*** Block opens ***
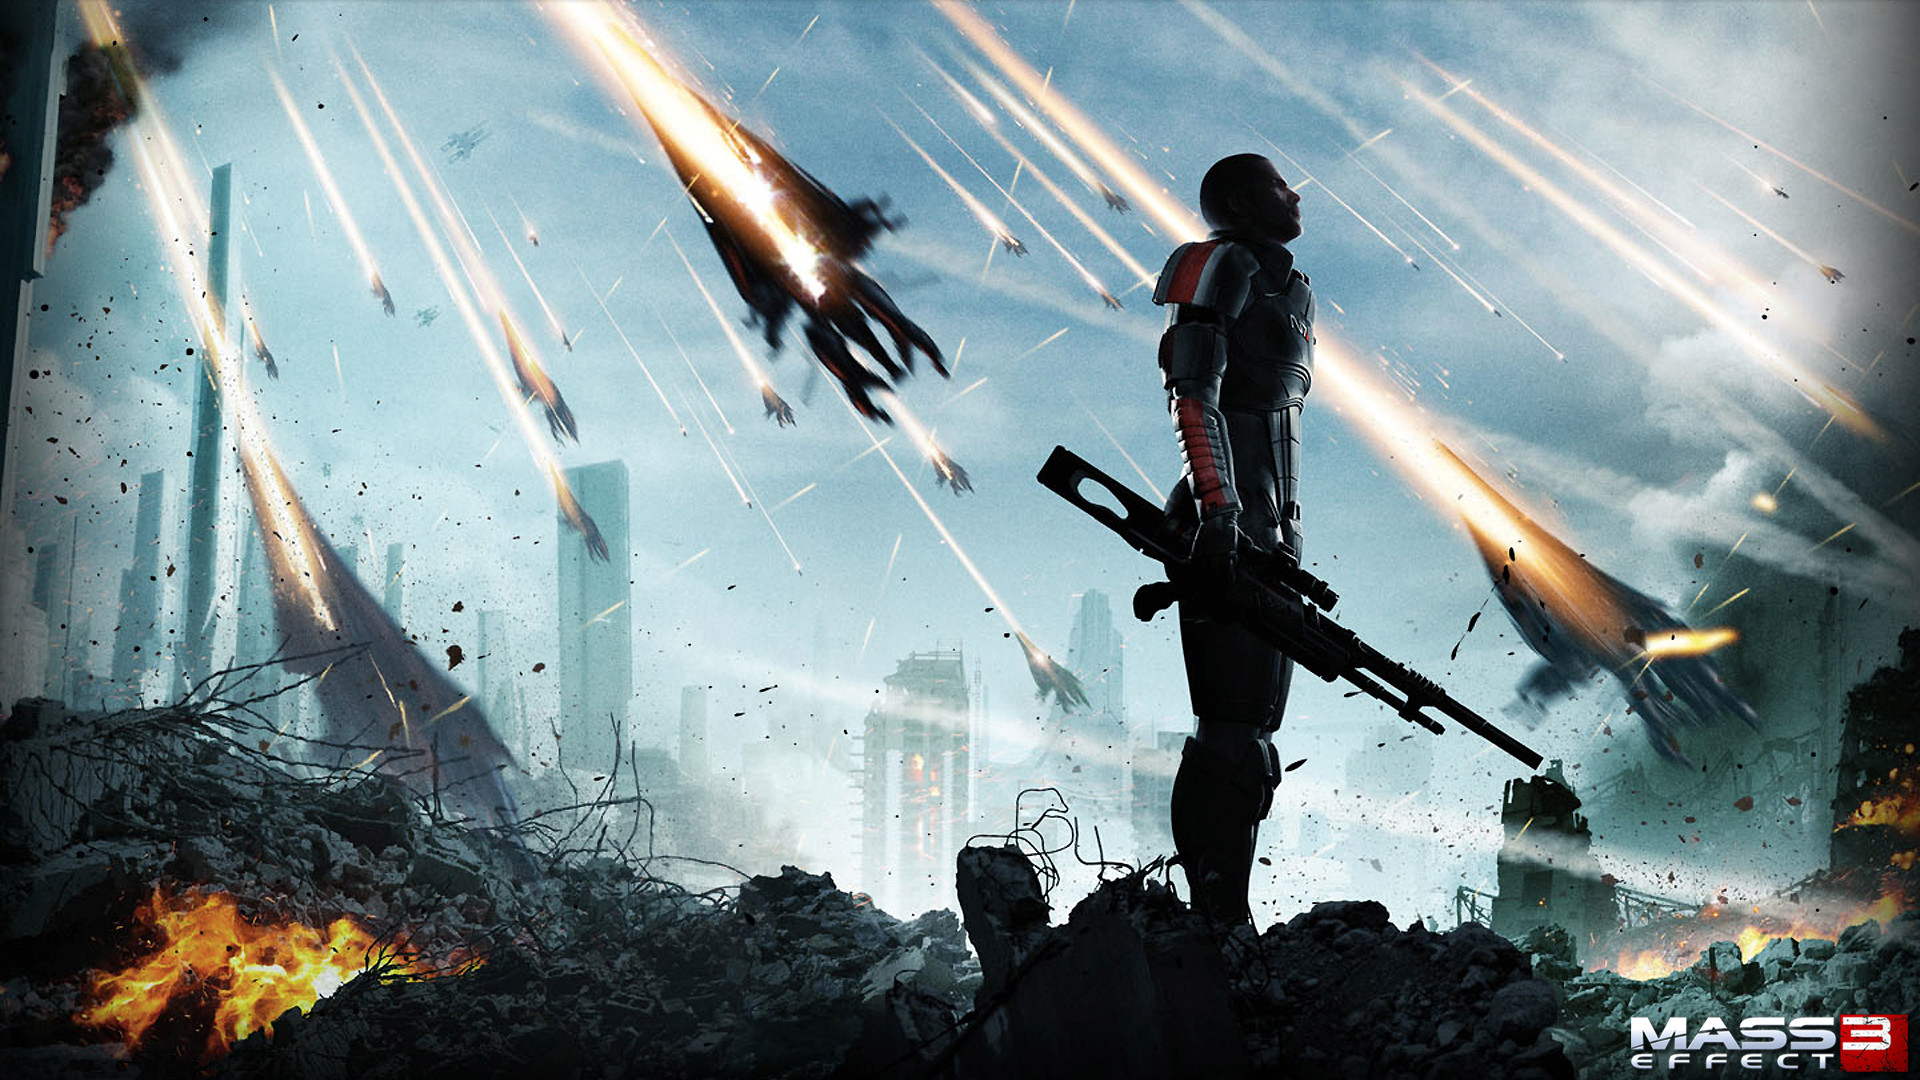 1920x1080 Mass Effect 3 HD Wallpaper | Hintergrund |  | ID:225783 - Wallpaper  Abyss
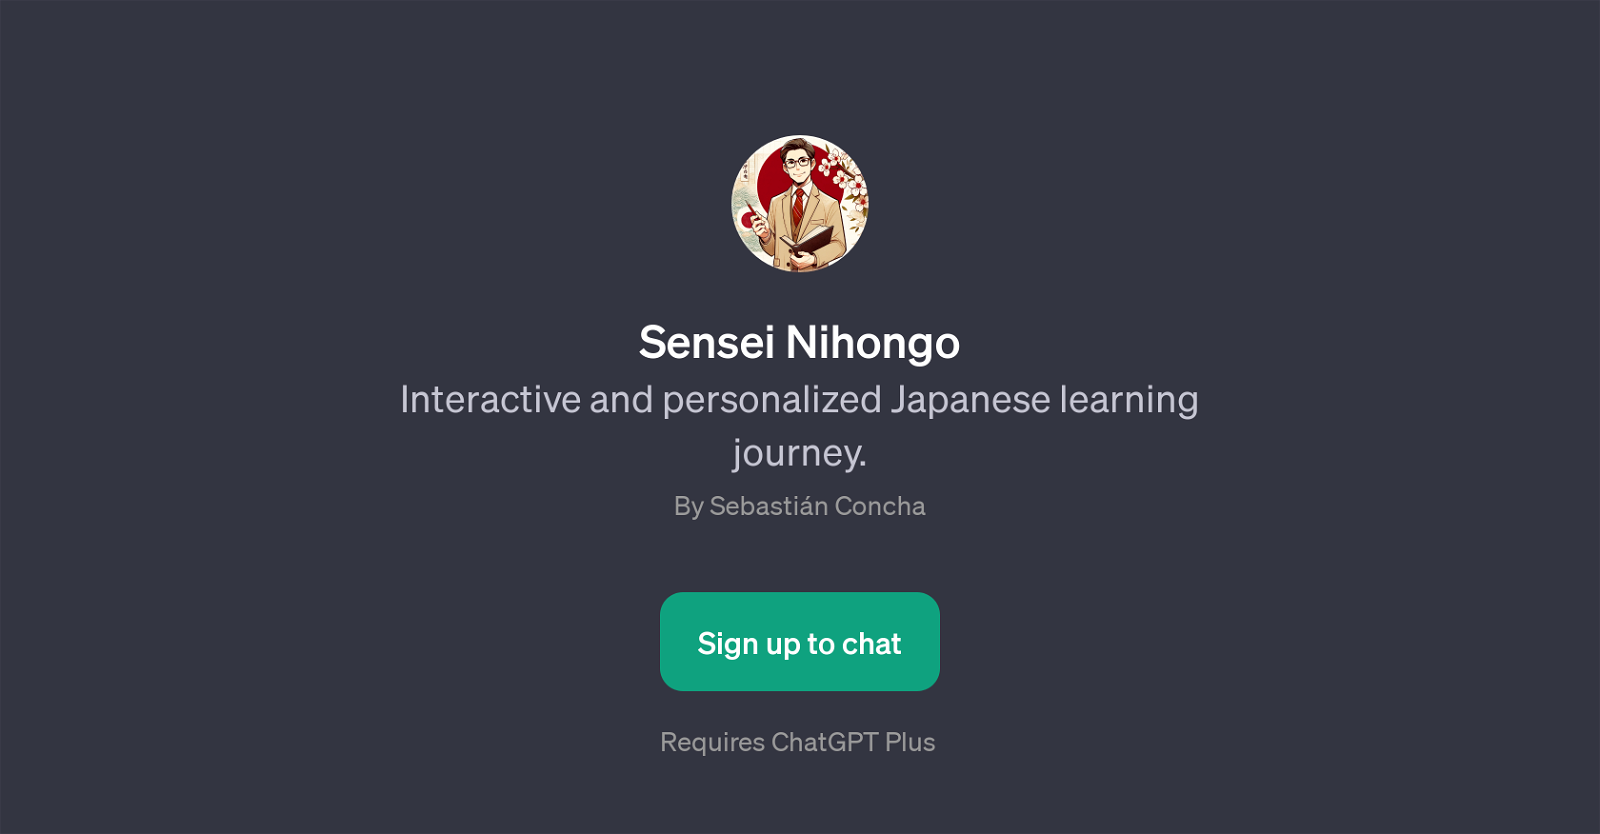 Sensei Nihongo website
*** Block closes ***
*** Block opens ***
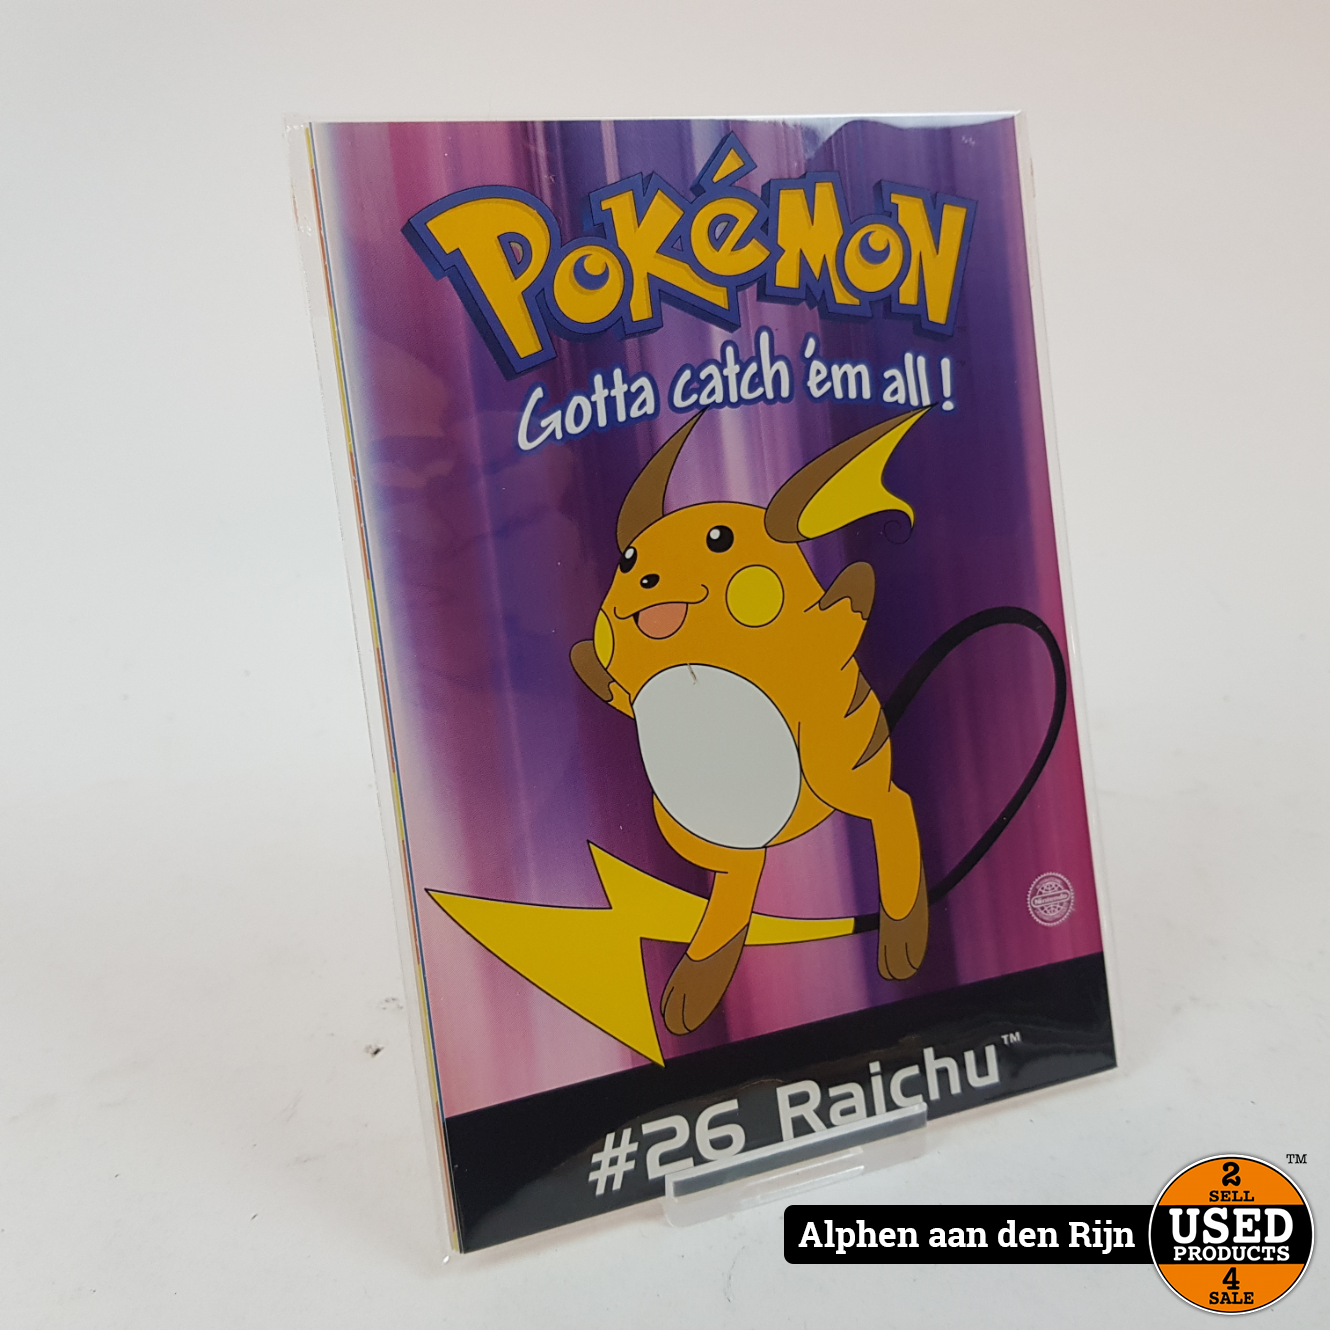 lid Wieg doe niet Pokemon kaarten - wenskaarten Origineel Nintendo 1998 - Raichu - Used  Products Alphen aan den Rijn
*** Block closes ***
*** Block opens ***
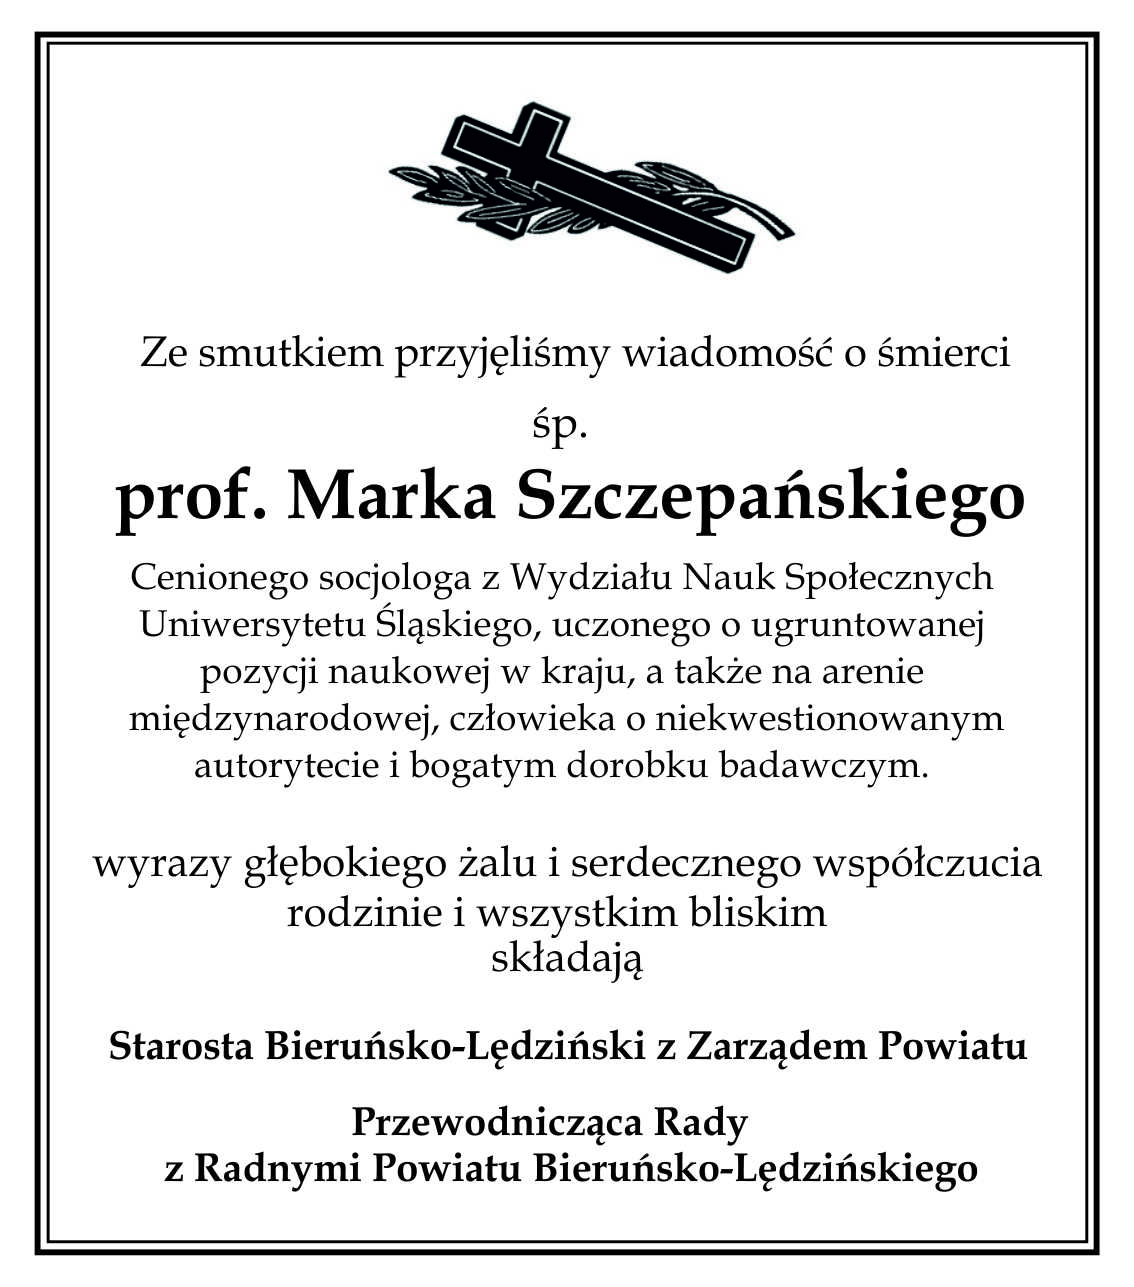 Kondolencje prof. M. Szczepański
*** Block closes ***
| Aim of the task |
Pictures aside, return exactly the lines from the data above, starting at the line that has "1920x1080 Mass Effect" and ending at the line that has "Sensei Nihongo website", both included.

| Answer to this problem |
 1920x1080 Mass Effect 3 HD Wallpaper | Hintergrund |  | ID:225783 - Wallpaper  Abyss
 Sensei Nihongo website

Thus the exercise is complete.